Cells were seeded in six-well plates containing glass coverslips, and exposed to etoposide or acetate for 48 h. Cells were then incubated with 1 μM AO for 15 min at 37 °C and washed with PBS. Coverslips were mounted over glass slides with PBS and immediately observed and photographed using a fluorescence microscope (Leica DM 5000B).

AO staining analysis by flow cytometry

Cells were exposed to etoposide or acetate for 48 h. Both floating and attached cells were collected, washed with PBS and resuspended in PBS to a final concentration of 1 × 106 cells in 1.5 ml. Cells were then incubated with 1 μM AO (or without AO to measure autofluorescence) for 15 min at 37 °C.

Immunoblot detection of cathepsin D

Preparation of cytosolic protein extracts

Cells were exposed to etoposide or acetate for 48 h. Both floating and attached cells were collected, washed with PBS and centrifuged at 650 × g for 10 min at 4 °C. All subsequent steps were performed at 4 °C. Cells were resuspended in 1 ml PBS, centrifuged at 1500 × g for 5 min and washed twice in 800 μl Isotonic Buffer (200 mM mannitol, 70 mM sucrose, 1 mM EGTA, 10 mM HEPES) by centrifugation at 3000 × g for 5 min. The cell pellet was then resuspended in 300 μl Isotonic Buffer with 20 mM NaF, 20 mM Na3VO4, 1 mM PMSF and 40 μl/ml Protease inhibitor cocktail and homogenized by passing through a 26-G needle 70 times. Nuclei and unbroken cells were removed by centrifugation at 1000 × g for 5 min, followed by two consecutive centrifugations, first at 10 000 × g for 15 min to remove lysosomes and mitochondria and then at 100 000 × g for 1 h in an ultracentrifuge. Cytosolic protein extracts were stored at −80 °C.

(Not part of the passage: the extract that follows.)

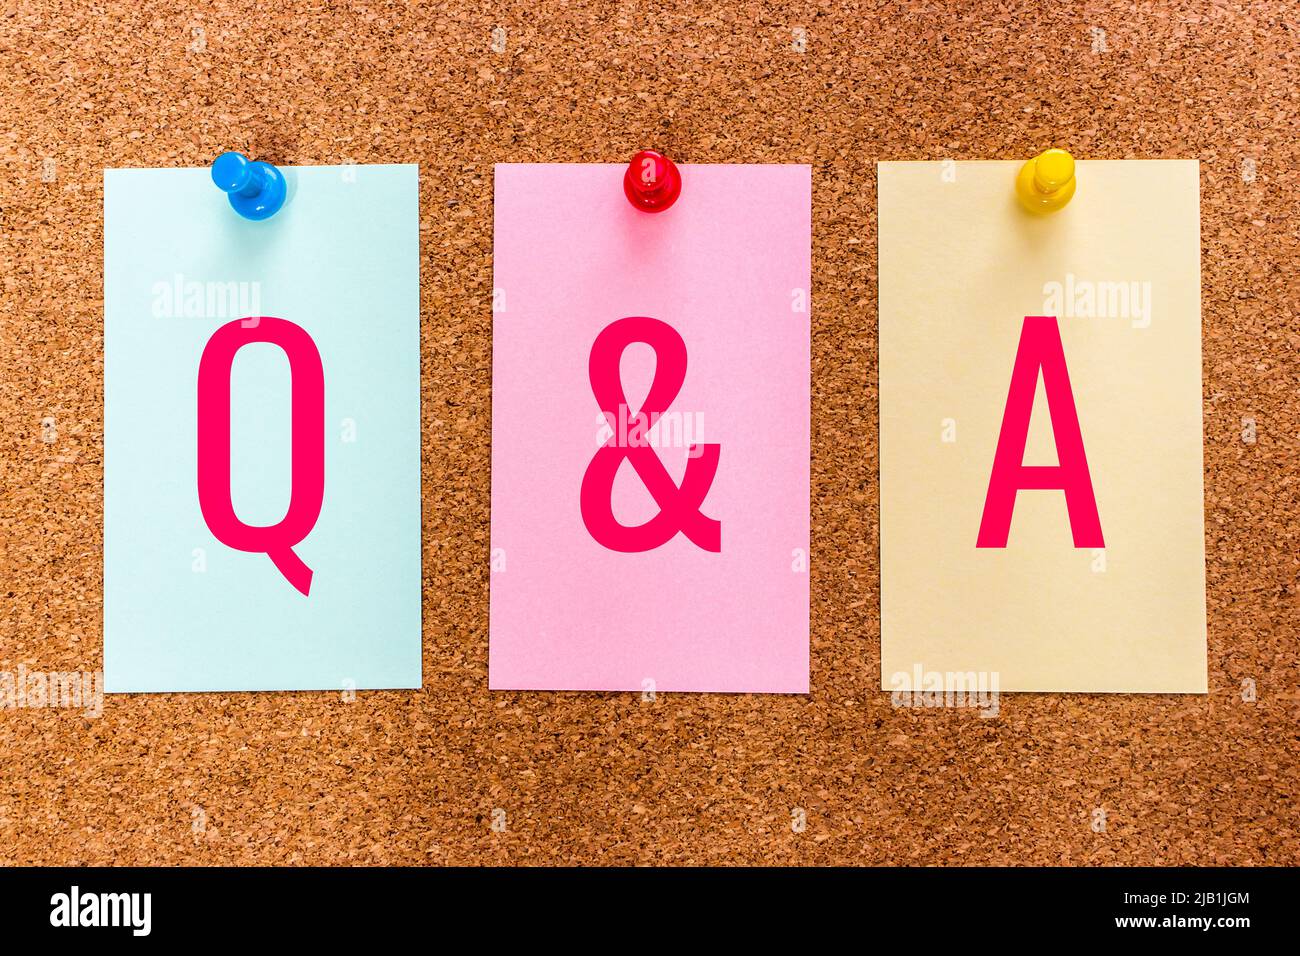 Conceptual 3 letter keyword Q AND A (Question And Answer) on multicolored stickers attached to a cork board. Stock Photo

Preparation of total protein extracts

Cells were exposed to etoposide or acetate for 48 h. Both floating and attached cells were collected, washed with PBS and centrifuged at 650 × g for 5 min at 4 °C. The supernatant was discarded and cells lysed in 80 μl Ripa Buffer (50 mM Tris-HCl pH 7.5, 150 mM NaCl, 2 mM EDTA, 1% NP-40) supplemented with 20 mM NaF, 20 mM Na3VO4, 1 mM PMSF and 40 μl/ml Protease inhibitor cocktail. Supernatants were cleared by centrifugation at 4500 × g for 10 min. Total protein extracts were stored at −80 °C.

Western blot analysis

Protein samples (25 μg) were separated by sodium dodecyl sulfate 12,5% polyacrylamide gel electrophoresis and electroblotted onto PVDF (polyvinylidene difluoride) membranes. Primary antibodies were anti-cathepsin D (Calbiochem, San Diego, CA, USA) and anti-actin (Santa Cruz Biotechnology, Santa Cruz, CA, USA). Secondary antibodies were peroxidase-conjugated AffiniPure goat anti-rabbit IgG (Jackson ImmunoResearch, West Grove, PA, USA) and horseradish peroxidase-labeled goat anti-mouse immunoglobulin IgG (Jackson ImmunoResearch). Subsequent chemiluminescence detection was performed using the ECL detection system (Amersham, Biosciences, Buckinghamshire, UK) and a molecular imager (Chemi-Doc XRS system, Bio-Rad, Laboratories Inc., Hercules, CA, USA).

Statistical analysis

Data are expressed as means±S.E.M. of at least three independent experiments. Statistical analysis between negative control and treated samples was performed by one-way ANOVA followed by Dunnett’s test and the comparison between PstA- or E64d-treated and untreated cells was performed by unpaired two-tailed Student’s t-test. Differences were considered significant when P≤0.05.